The point clouds in Figure 13 show the ANTD values (average, standard deviation, and unit error) in relation to the mean stream power gradient (∂ω/∂s), and to the excess energy per unit bed area (ε) expended above ωc and accumulated (εc), averaged for each of the periods defined by PECPs. In the first column, positive and negative values of ANTD depict surface lowering and raising, respectively. Scatter plots relating ANTD to the mean ∂ω/∂s ratio represent two very different trends in each stretch: a positive relationship in UPR and a negative one in MDR, with a separation threshold at ∂ω/∂s = 0. In both RCRs, the closer the ∂ω/∂s values are to this threshold, the greater the erosion that is observed (ANTD < -0.3 m in UPR and ≈ -0.2 m in MDR); in contrast, extreme values, both negative and positive, correspond to the highest rates of net deposition (ANTD > 0.2 m). The field surveys carried out during the monitoring period already showed morphological adjustments in both directions, deposition and bed scouring, depending on the magnitude of each event and the availability of sediments for transport. After the largest flood in this period (19 April, 2019), the upper reach experienced greater net erosion than the middle reach, most likely especially in the sections where ω increased downstream above the ωc, coinciding with positive ∂ω/∂s values. This specific case was described by Conesa-García et al. [5] when explaining the effect of the energy gradient on the net flux variations immediately downstream.

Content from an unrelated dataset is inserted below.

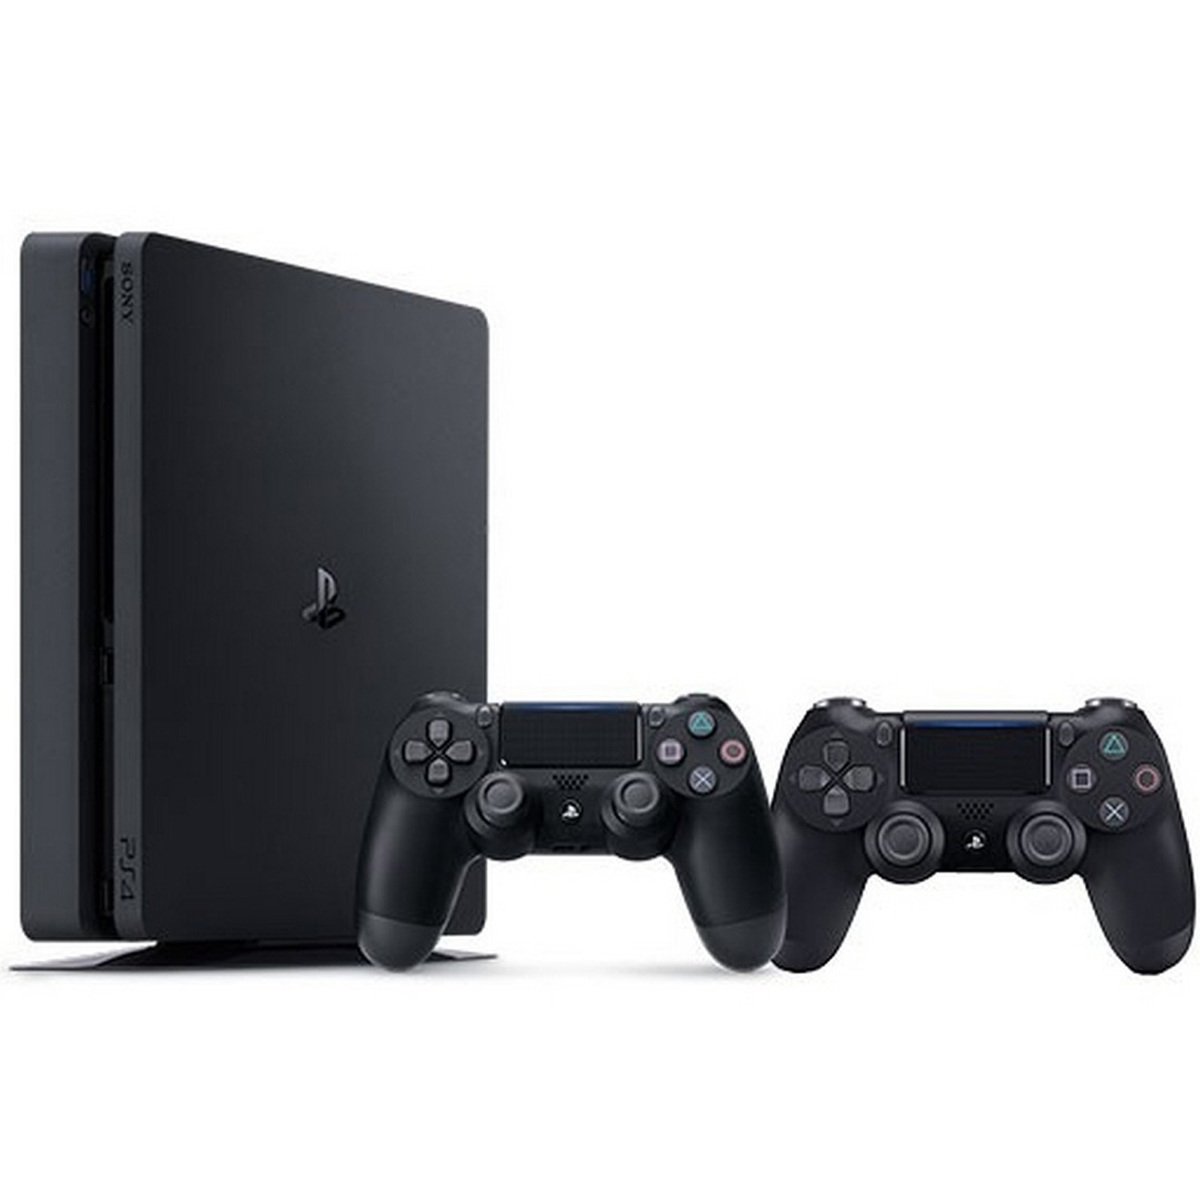 Sony PS4  Slim Console 1TB Black + FiFa18 + Extra DS4 Controller

Figure 13. Values of stream power variables (∂ω/∂s, ε, and εc) versus parameters related to the net thickness difference (ANTD, SD-NTD, and Er-NTD). AVP = average values per PCEP sub-period; AOV and ASV are, respectively, the observed and simulated mean values for each sub-period. Er-NTD expressed per unit (p.u.).
Figure 13. Values of stream power variables (∂ω/∂s, ε, and εc) versus parameters related to the net thickness difference (ANTD, SD-NTD, and Er-NTD). AVP = average values per PCEP sub-period; AOV and ASV are, respectively, the observed and simulated mean values for each sub-period. Er-NTD expressed per unit (p.u.).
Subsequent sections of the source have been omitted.